» GIVEN INFORMATION
———
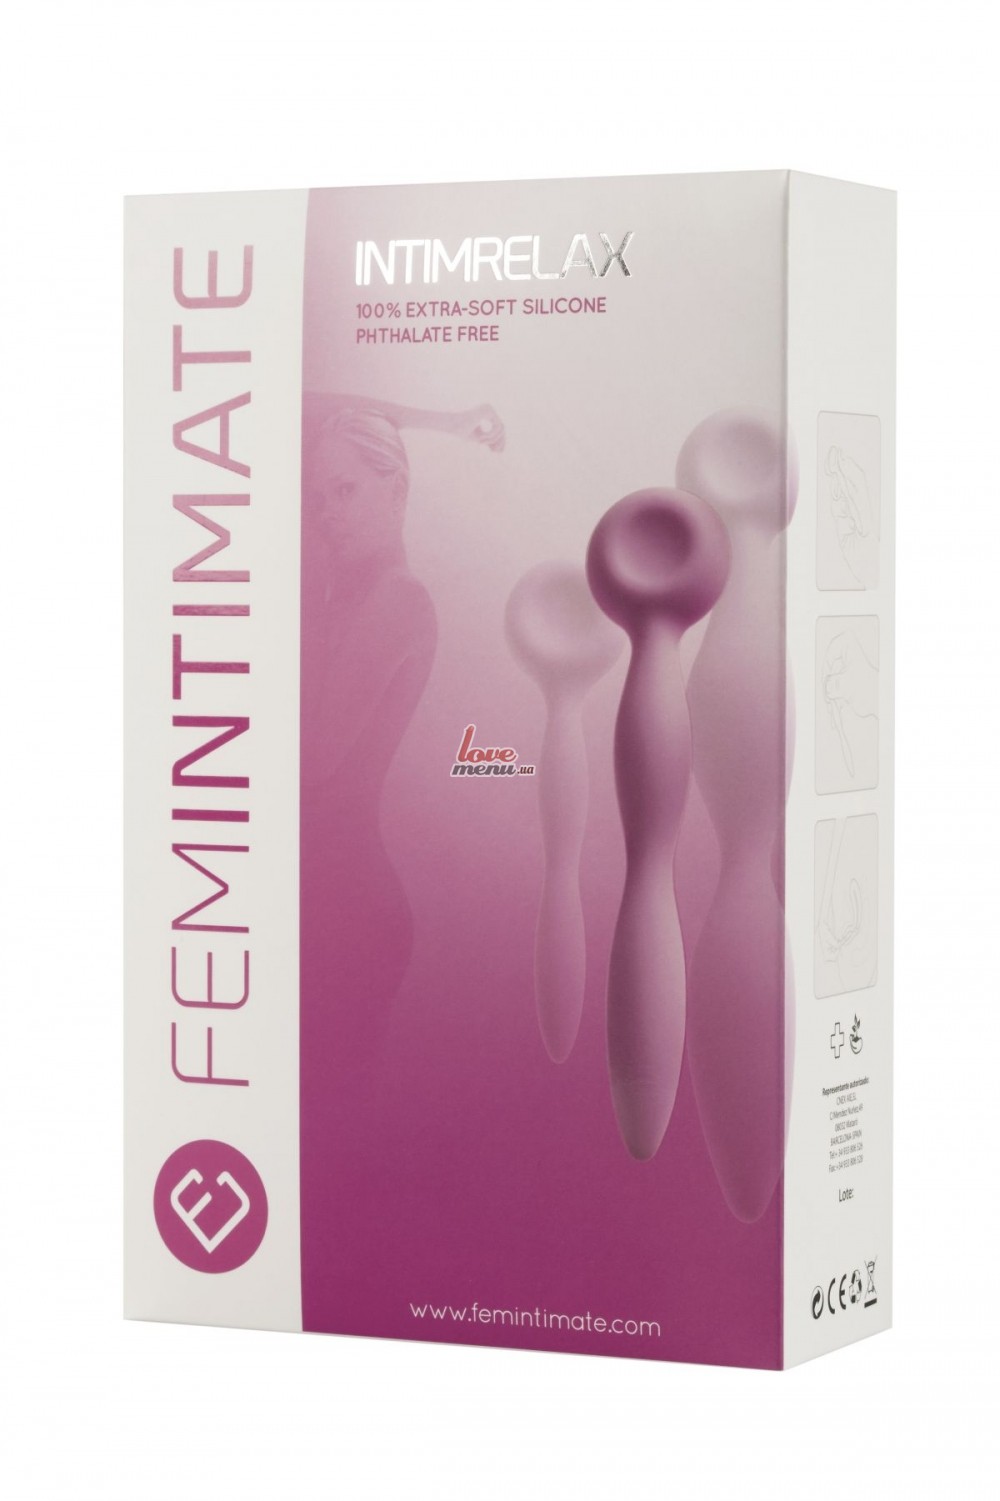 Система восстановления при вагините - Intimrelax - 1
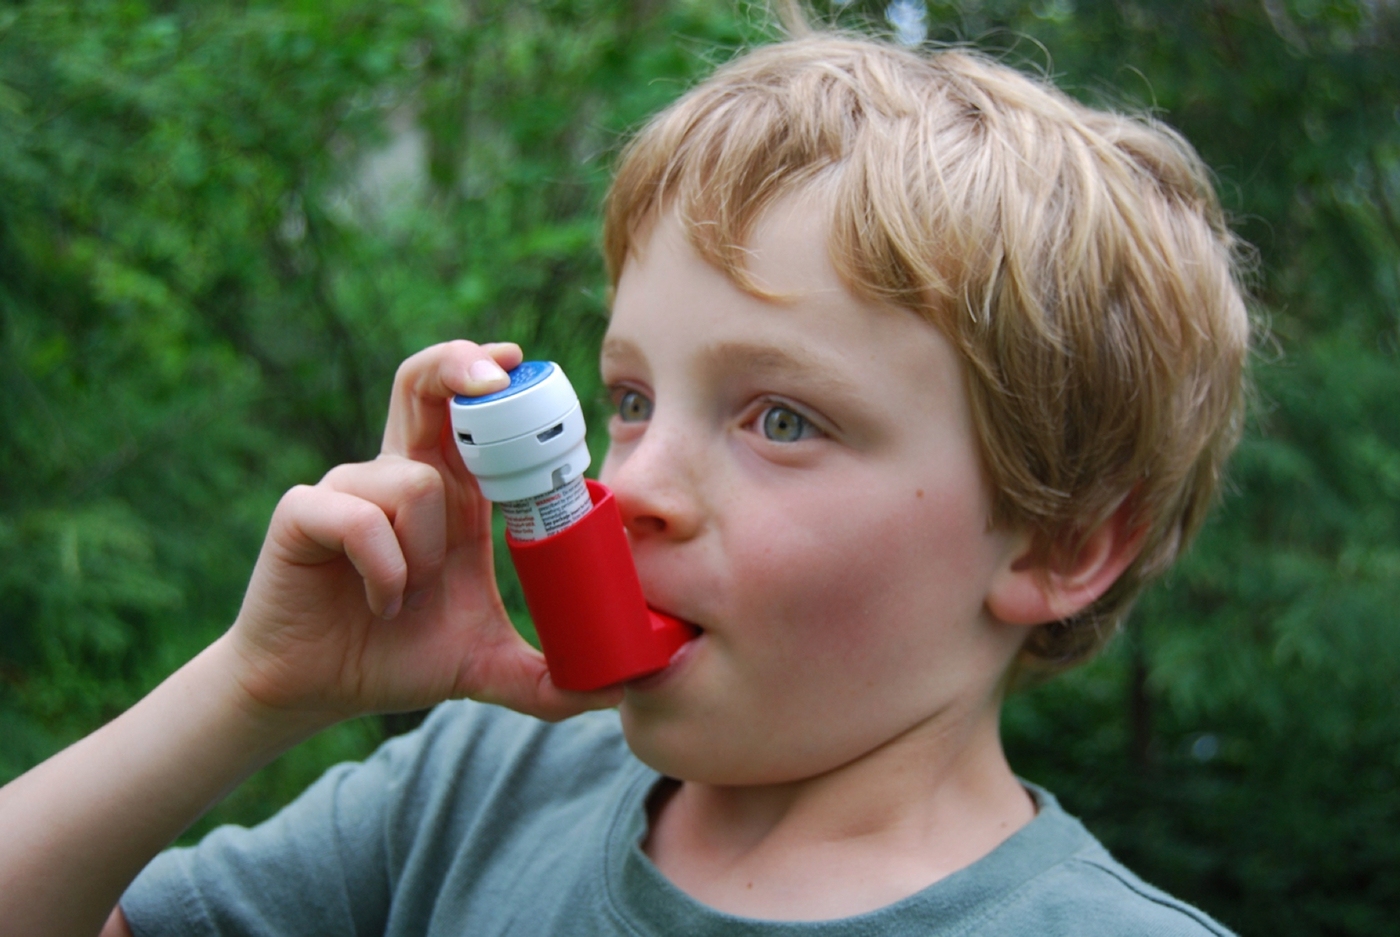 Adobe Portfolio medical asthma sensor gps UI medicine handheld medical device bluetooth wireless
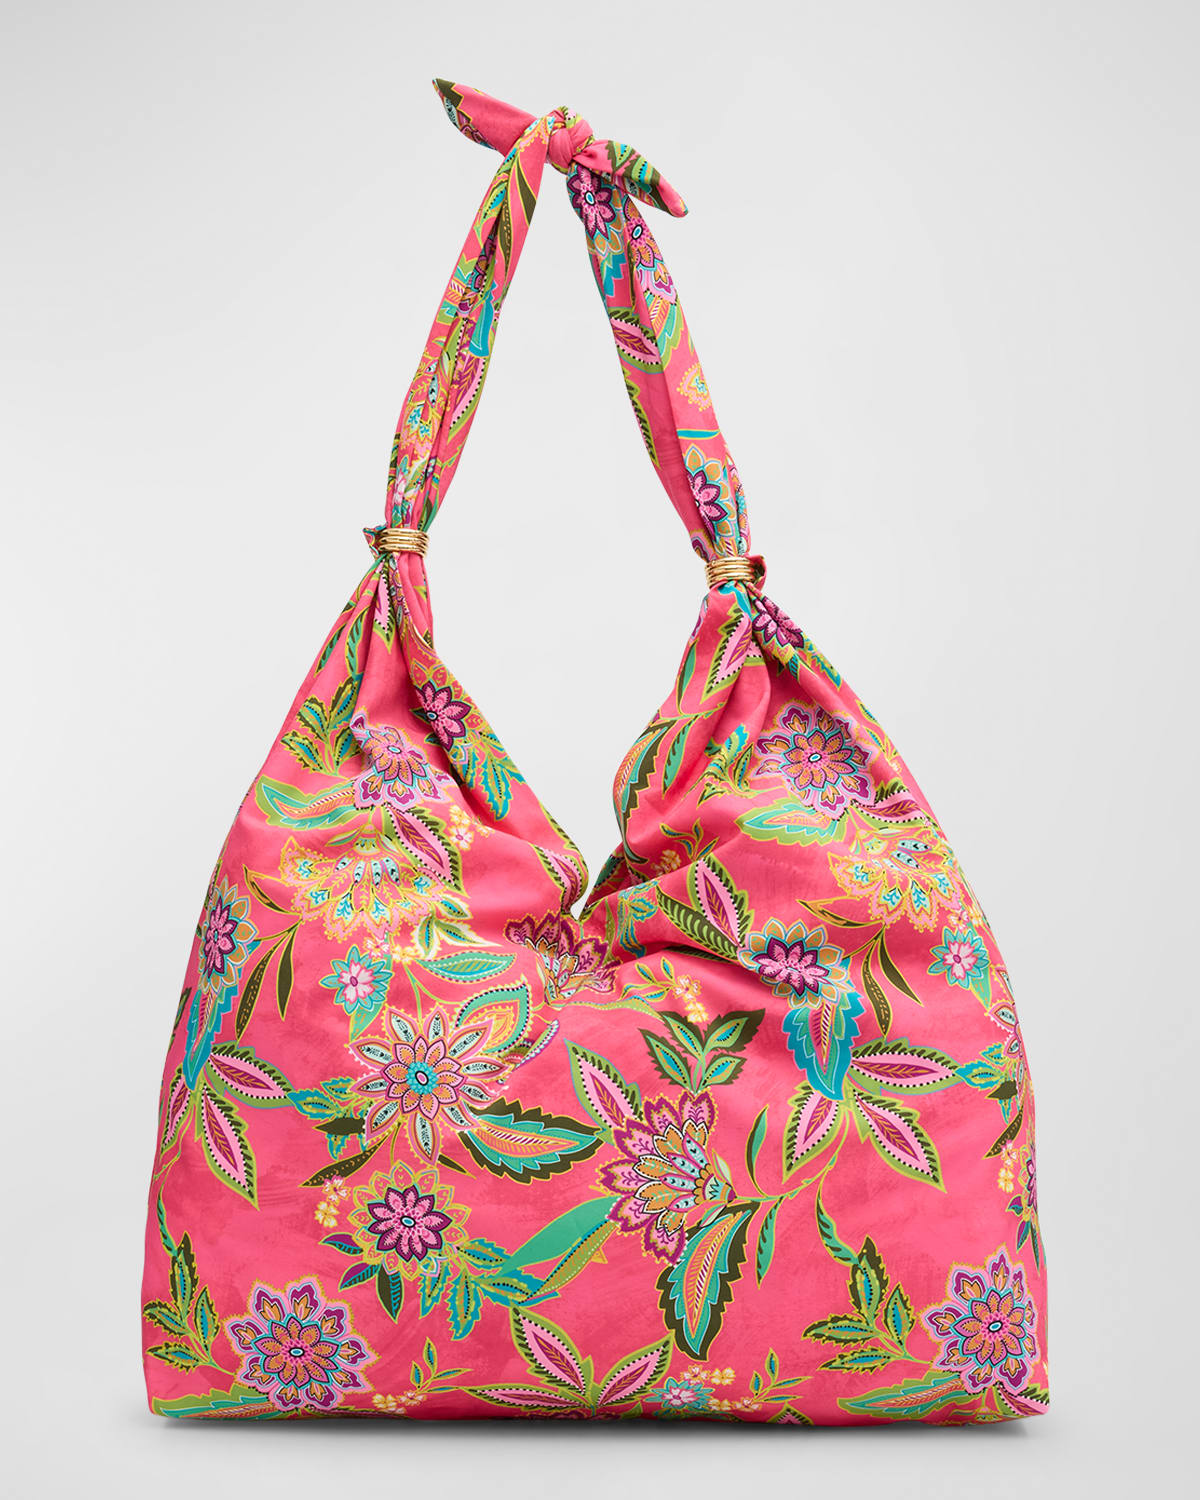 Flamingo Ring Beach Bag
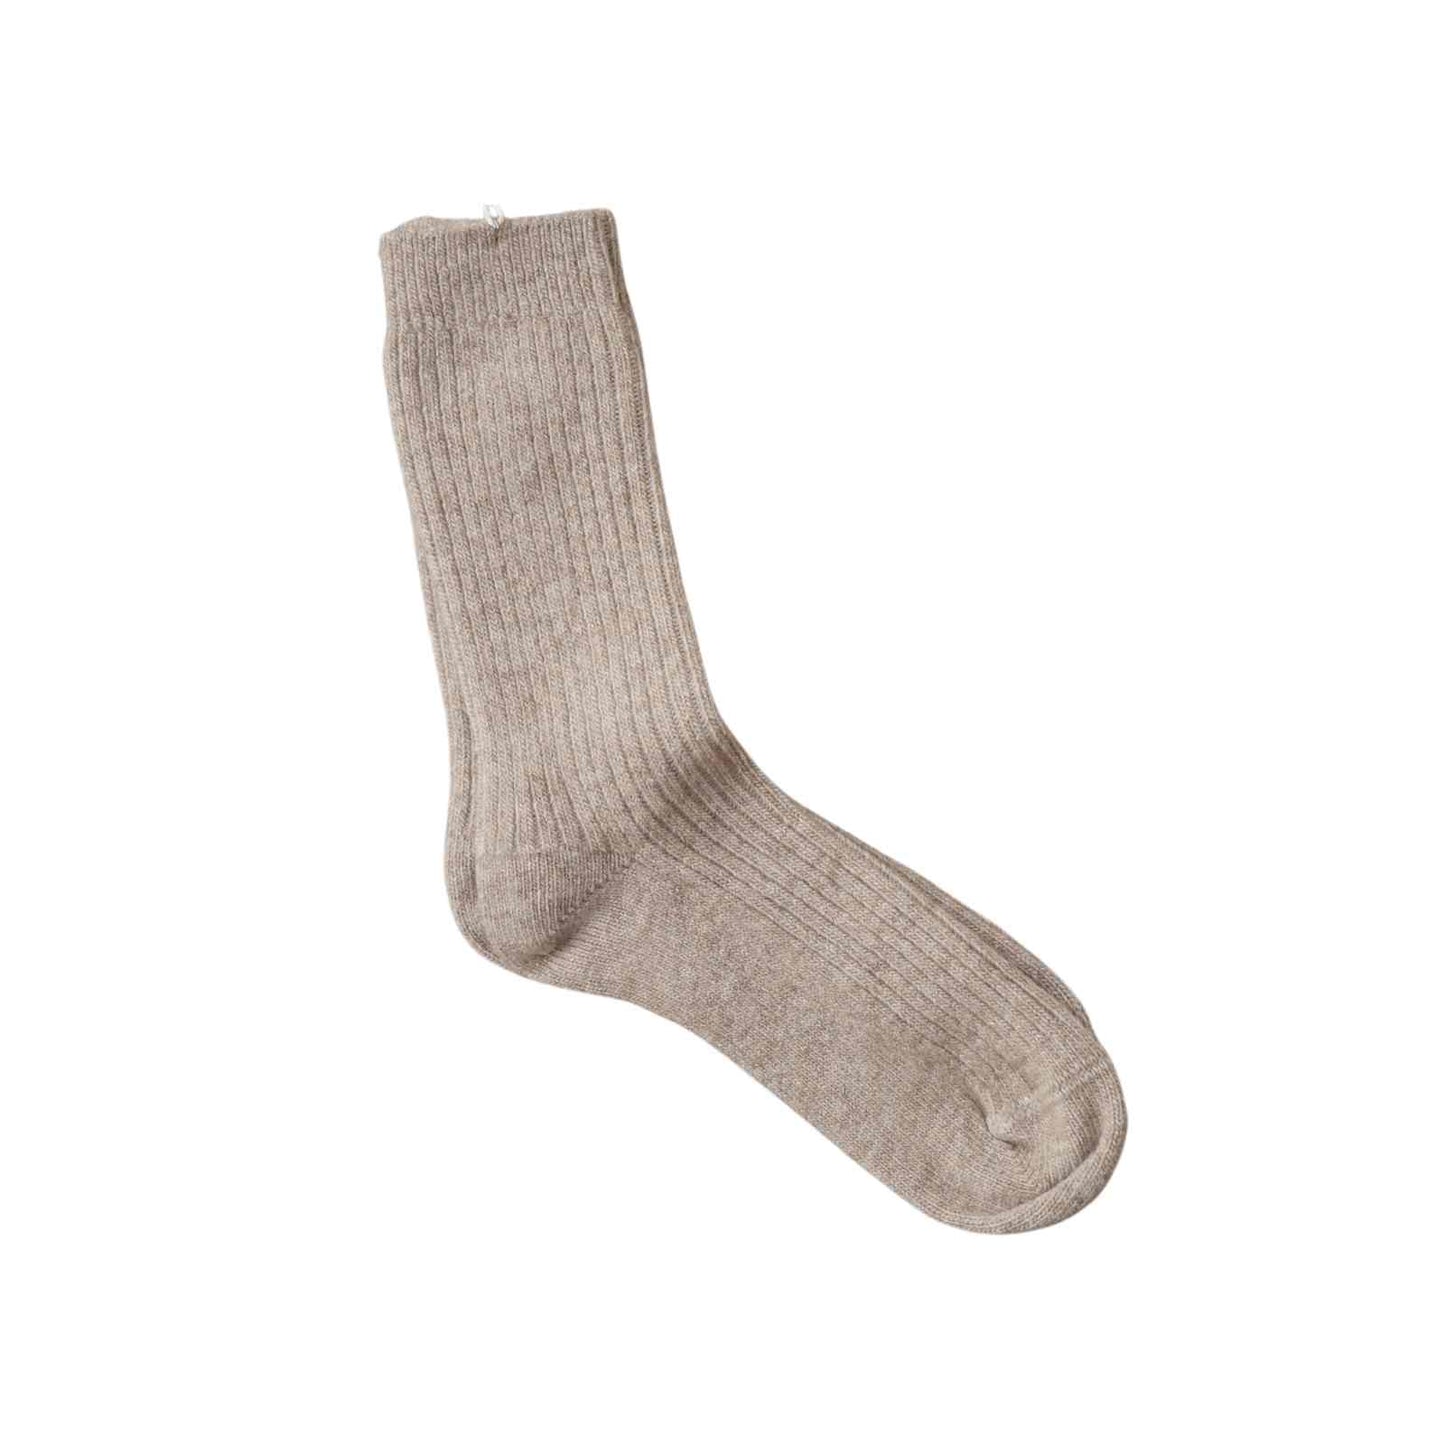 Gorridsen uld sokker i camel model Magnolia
———
» BRIEF
Beginning with the line that bears "Flamingo Ring Beach Bag", output each line through the last line of the listing exactly, and no others; skip the pictures.

» COMPLETED EXERCISE
 Flamingo Ring Beach Bag
 Gorridsen uld sokker i camel model Magnolia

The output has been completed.